Here is photos from a fellow captain...Captain Willy Le
I am on the bow


----------



## floridanative1028 (May 30, 2009)

Thats some sick photography and good work on the reds!


----------



## mark_gardner (Mar 18, 2009)

awesome work dude and great pics  congrats [smiley=1-beer.gif]


----------



## dacuban1 (Sep 9, 2008)

good job bro! bad a$$ shots w/ the camera too.


----------



## DSampiero (Oct 18, 2009)

My jaw literally dropped when I saw those images. I hope you send them to Fly Fishing in Saltwaters Magazine, that one pic has cover shot written all over it.


----------



## bmack (Sep 8, 2009)

Congrats on the red and nice pictures. Any tips on taking pictures like that? Lens, shutter speed, fstop, etc?


----------



## swaddict (Dec 19, 2009)

> Congrats on the red and nice pictures.  Any tips on taking pictures like that?  Lens, shutter speed, fstop, etc?

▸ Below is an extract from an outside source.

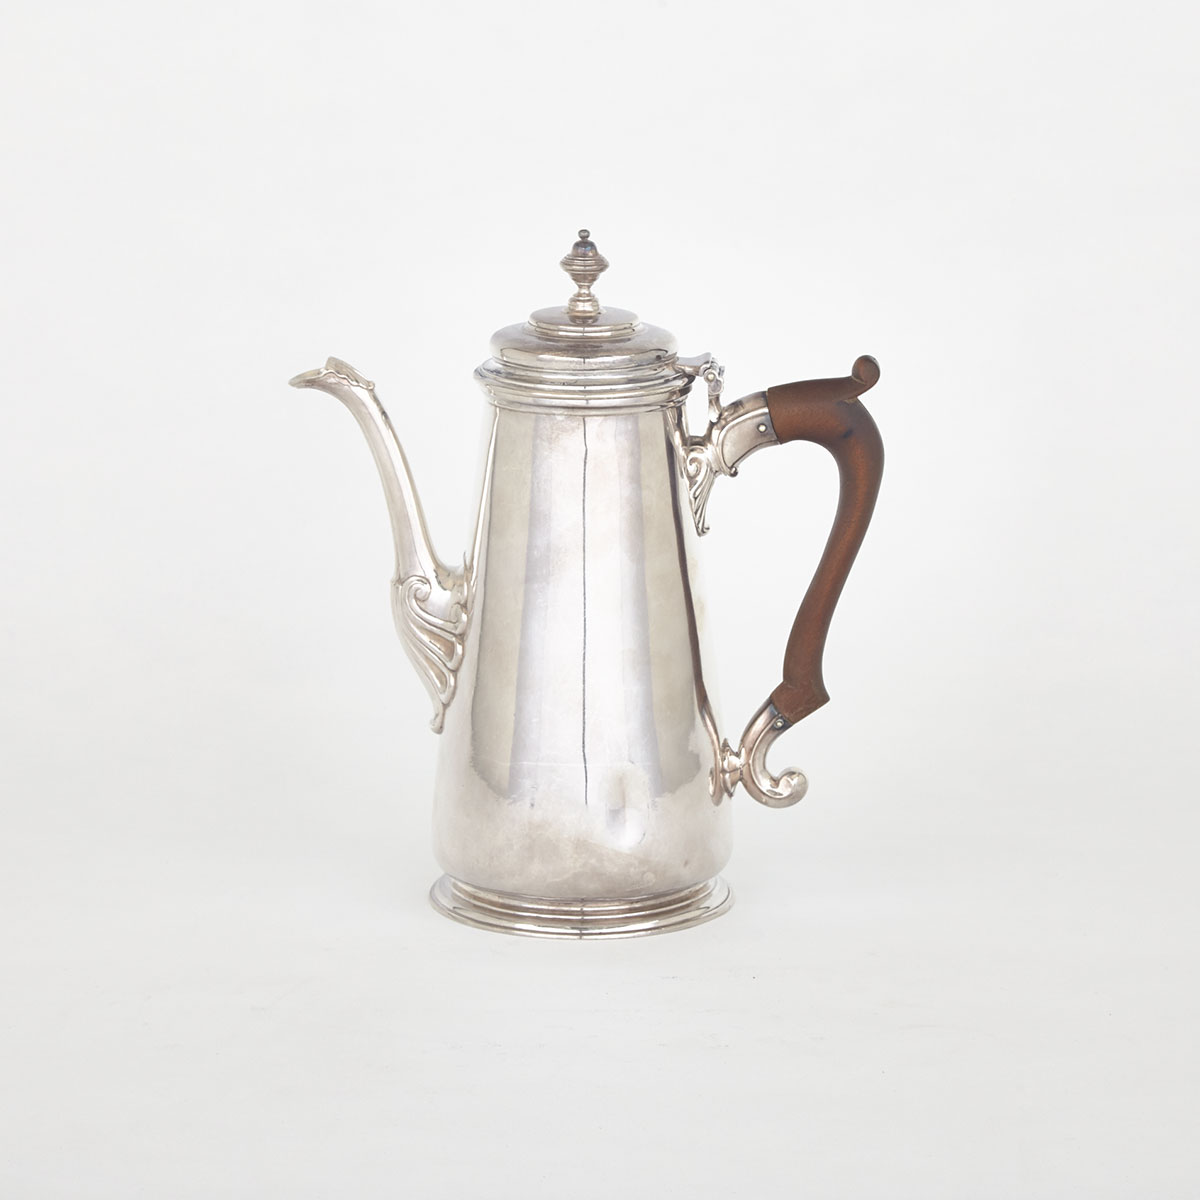 George II Silver Coffee Pot, John Barbe, London, 1737

Good glass, plus a good understanding of Photoshop or equivalent, will produce good photos like the one's above. Learn to use the histogram feature on the display of your DSLR, that will get you started in the right direction.

Awesome photos and great catch.


----------



## Canoeman (Jul 23, 2008)

Nice job Andrew on both the fish and pics. That's a bold move standing on the platform with an SLR around your neck. Personally, I'd love a fish like that on fly, even if there was no camera within 10 miles.


----------



## HaMm3r (Dec 11, 2006)

Dang! That's some fantastic fly angling and photography.  That last pic really gets the blood pumping. Congrats on the PB too.


----------



## WhiteDog70810 (May 6, 2008)

Amazing! I am a photographic Neanderthal and those pics make an impression through my thick skull. Getting that red on a fly is really special. Usually guys fishing cracked crab in the passes catching those.


----------



## tom_in_orl (Dec 9, 2006)

Congrats! That is an awesome fish. Those pics are something that you will cherish for the rest of your life.


----------



## out-cast (Jan 27, 2009)

Nice PIG!!!


----------



## salt_life (Apr 7, 2009)

Great pics!Thanks for the screen saver tight work!


----------



## edlive96 (Sep 14, 2009)

Woody, that's me on the Beavertail poling Andrew, sold you your Lamson, come on down to Central Florida when you get a chance


----------



## backwaterbandits (Dec 15, 2006)

Good work on the fish AND the Pics!!!


----------



## tommym (Jul 20, 2010)

Nice pics. nice fish.


----------